WHAT YOU HAVE TO DO:
The required output is the run of lines from the one holding "aldcliffe marsh" through the final line of the listing, restated word for word, with no pictures.

INFORMATION SUPPLIED:

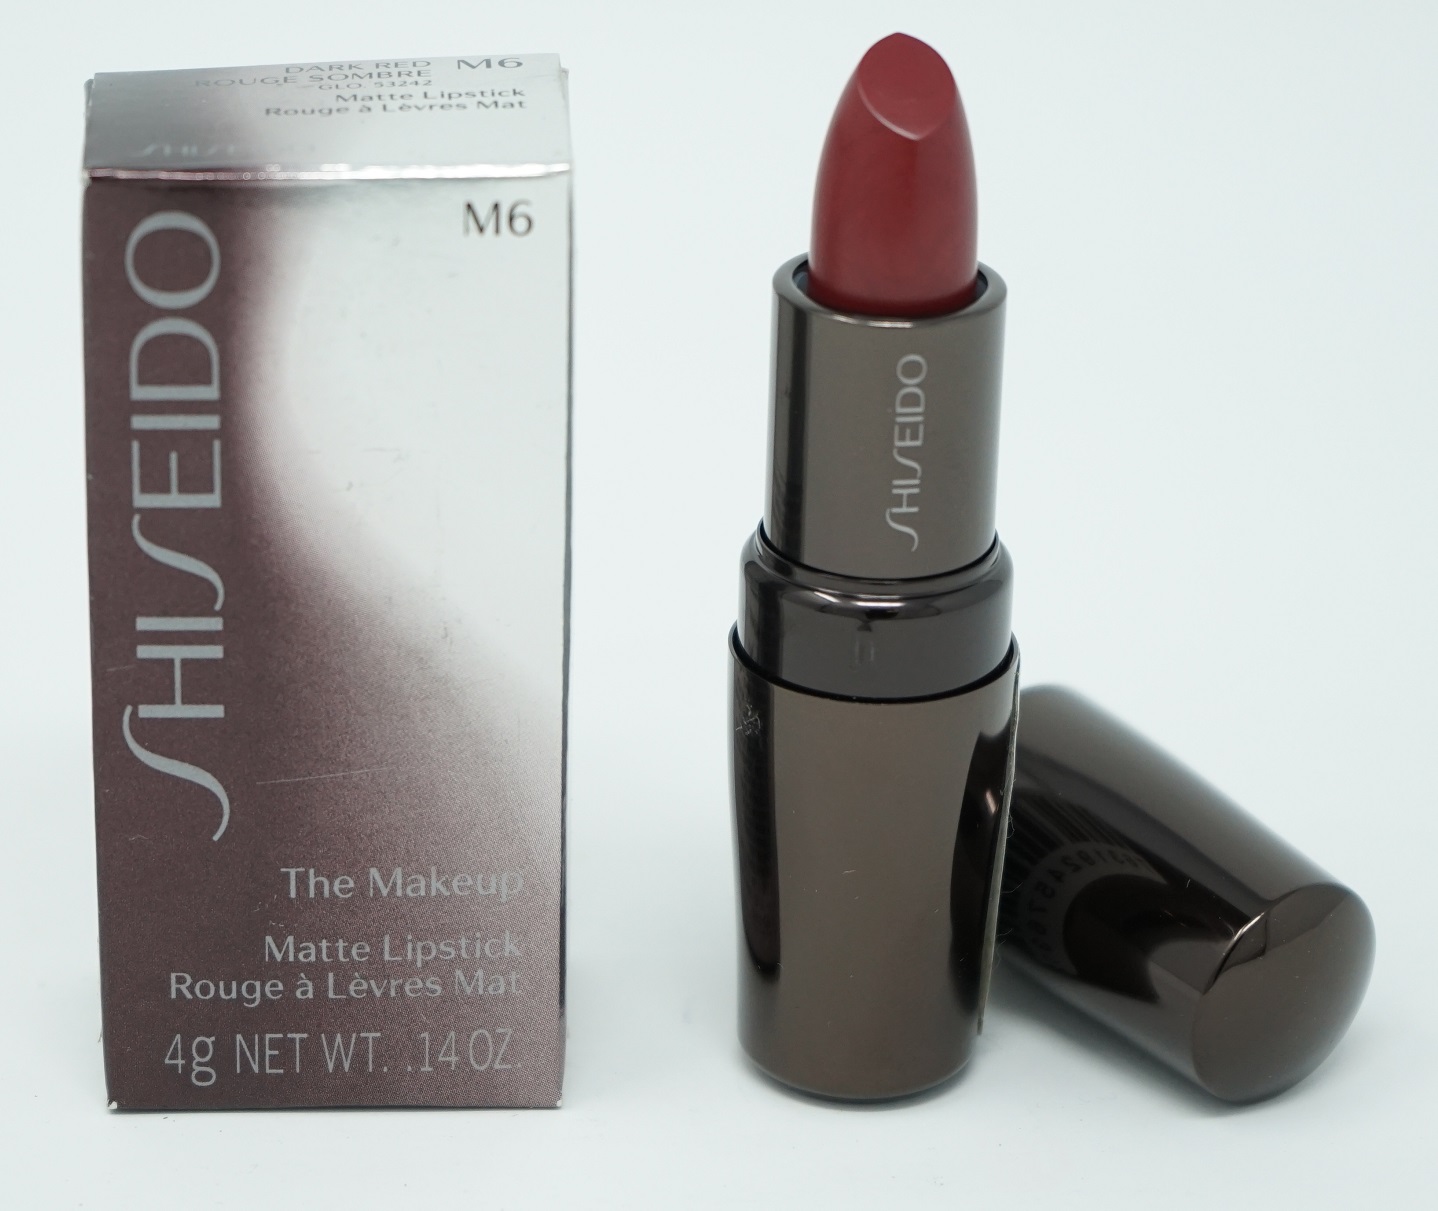 shiseido The Makeup  Matte Lipstick M6 Dark Red
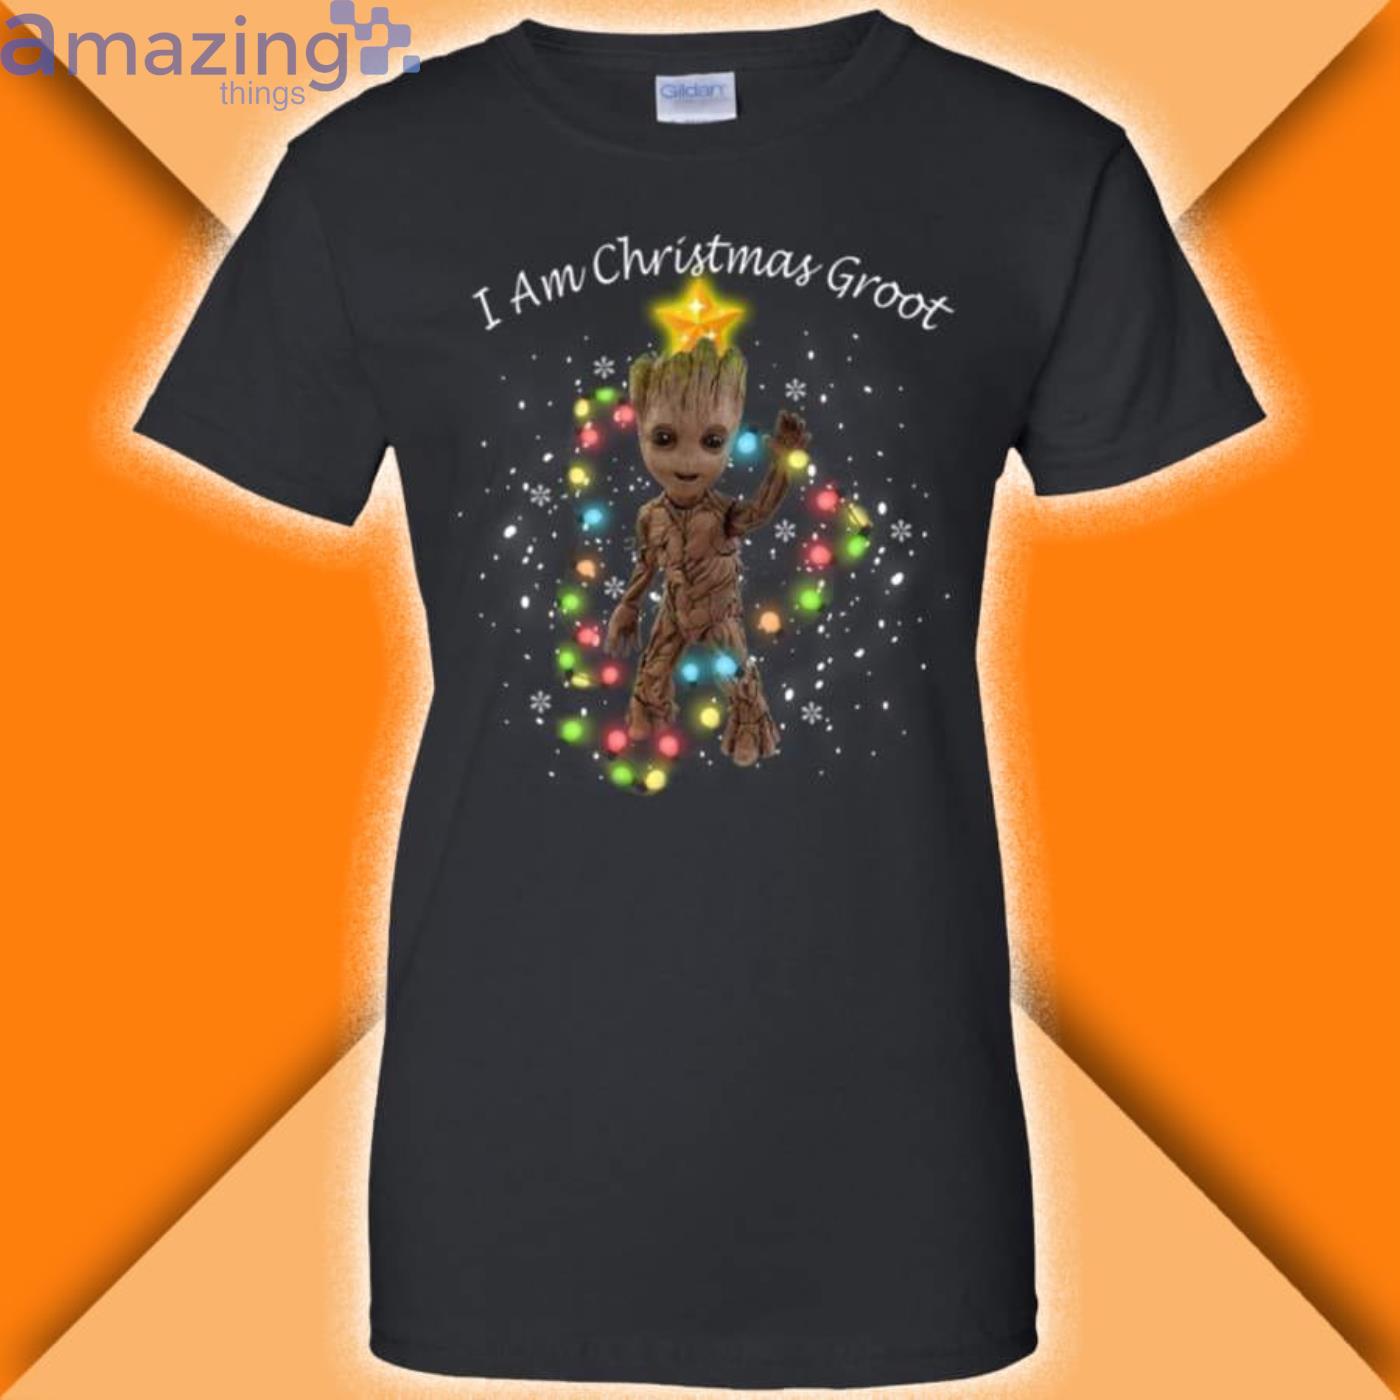 I Am Christmas Groot Shirt Product Photo 1
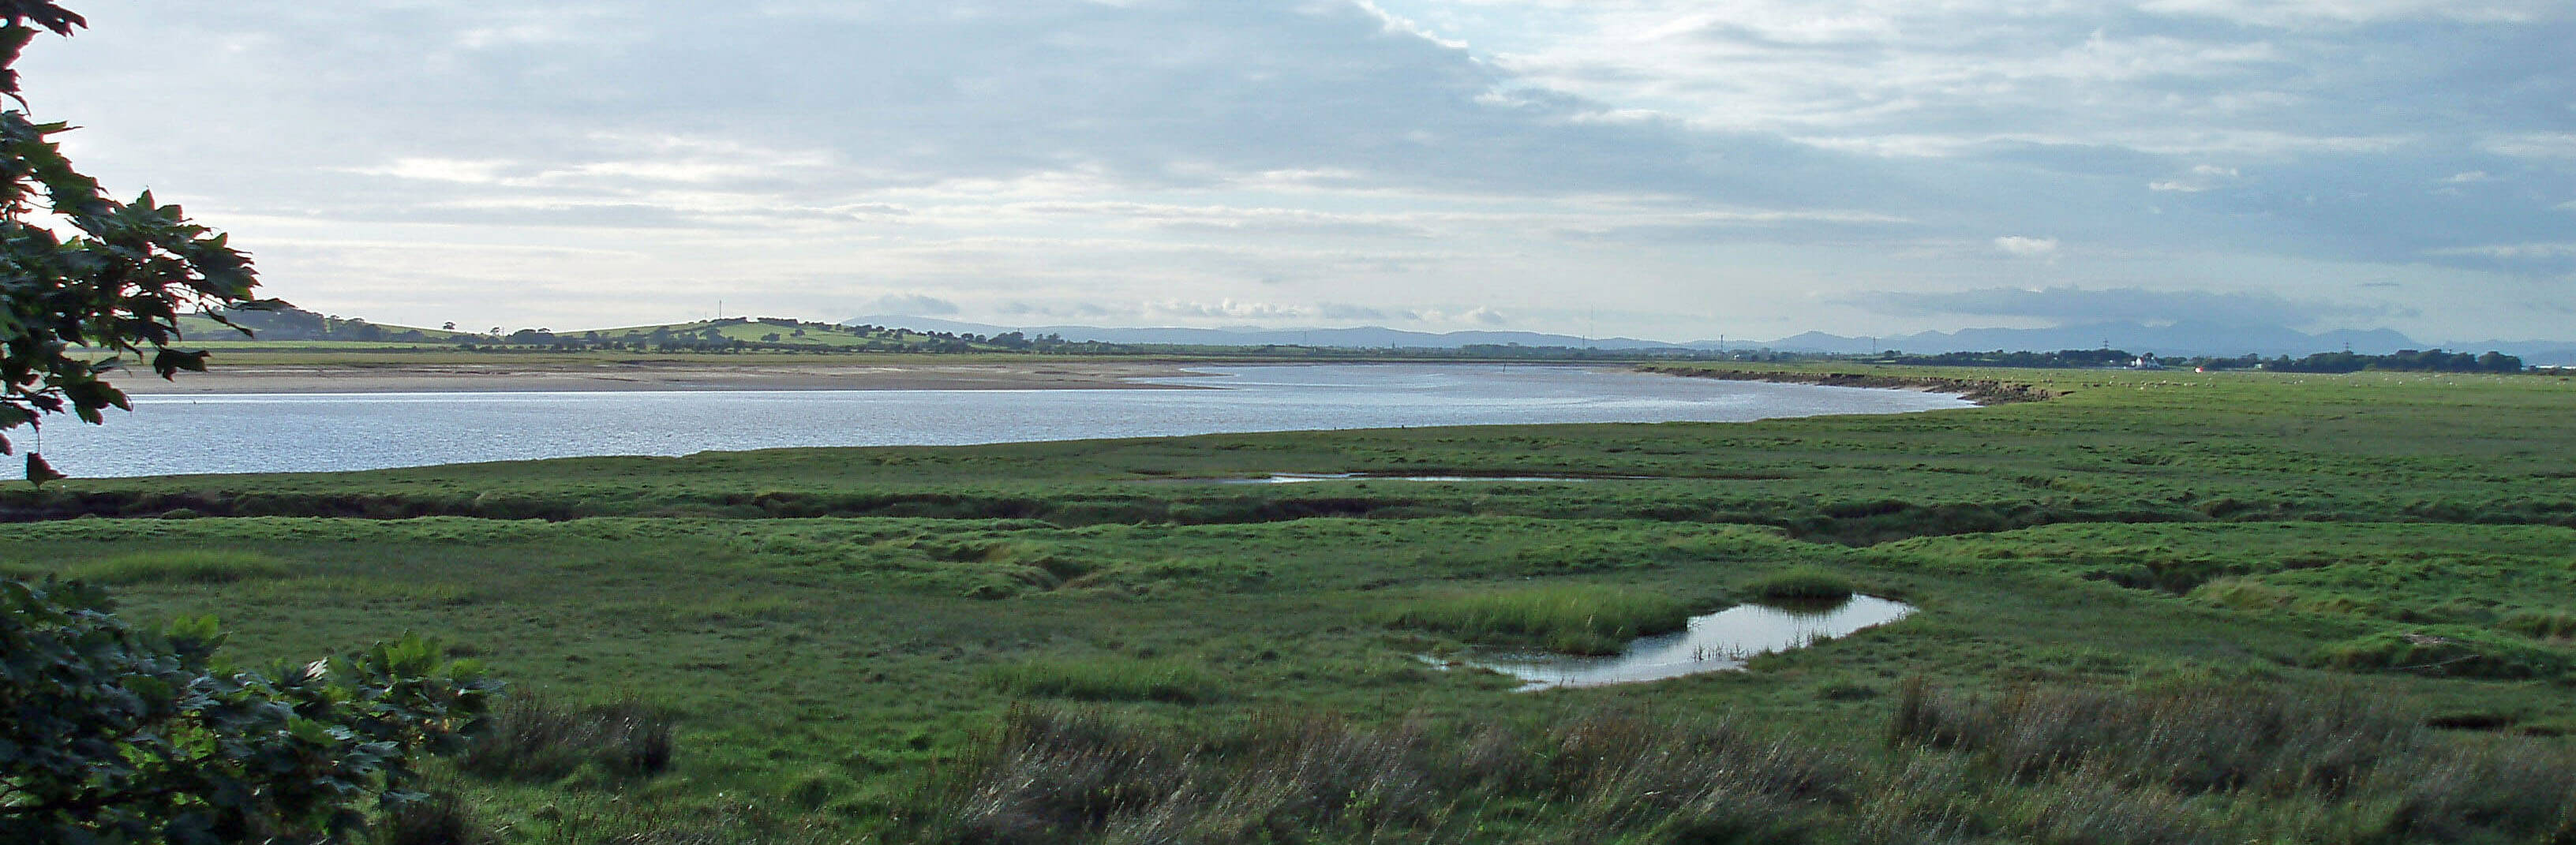 aldcliffe marsh
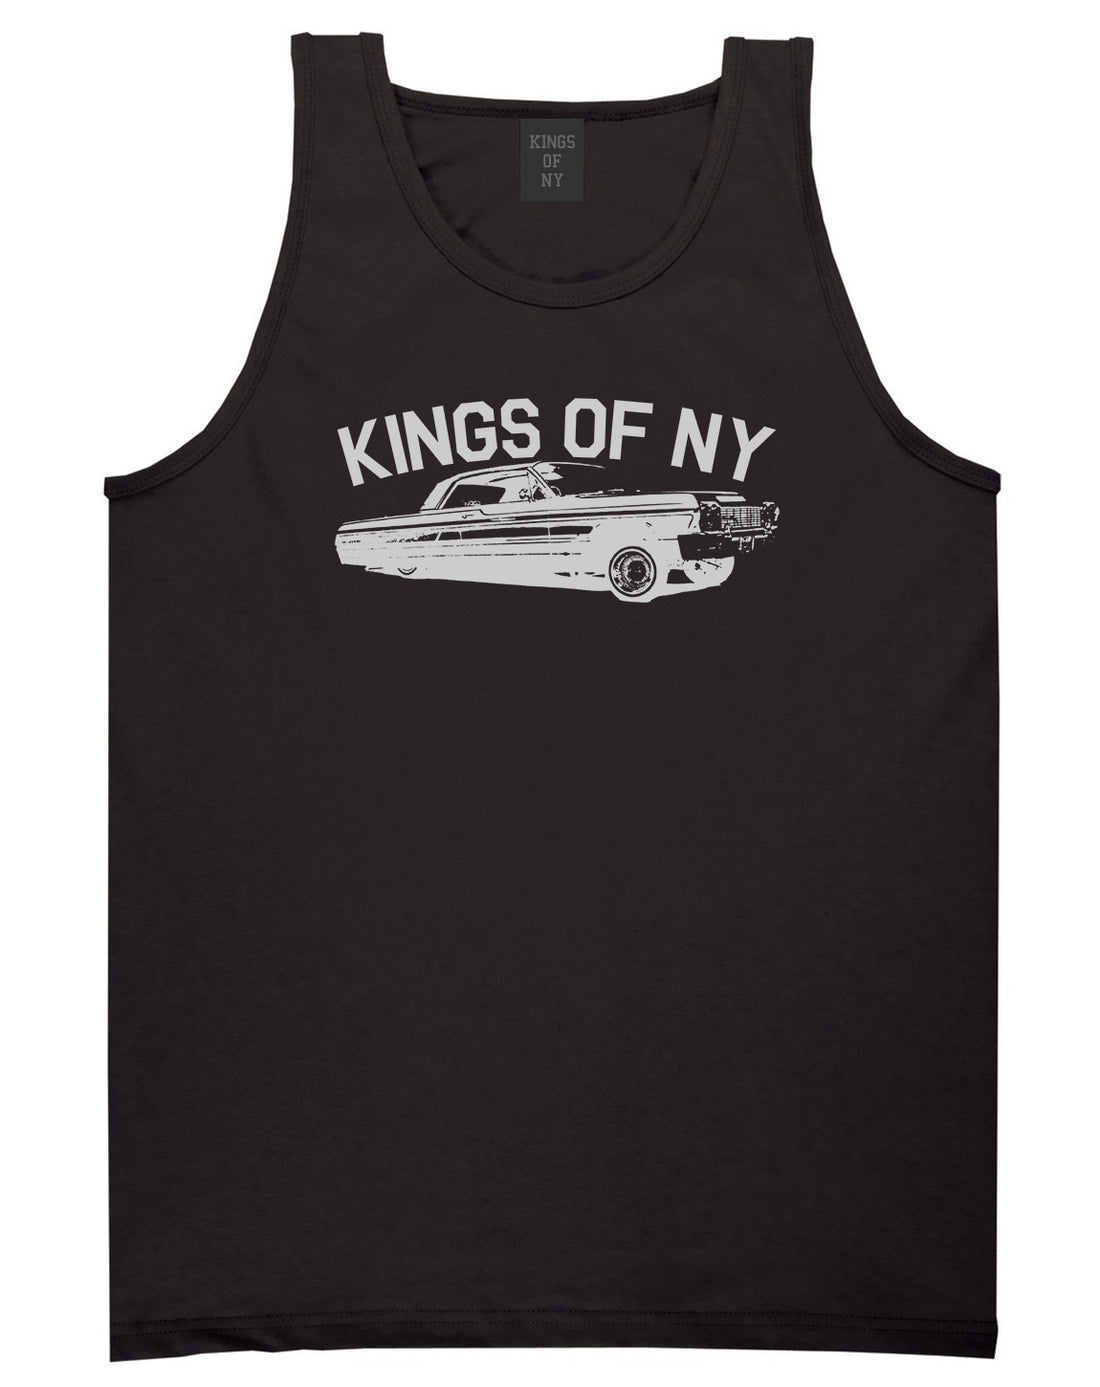 Kings Of NY Lowrider Mens Tank Top Shirt Black by Kings Of NY

TASK RESPONSE:
 aldcliffe marsh
 Kings Of NY Lowrider Mens Tank Top Shirt Black by Kings Of NY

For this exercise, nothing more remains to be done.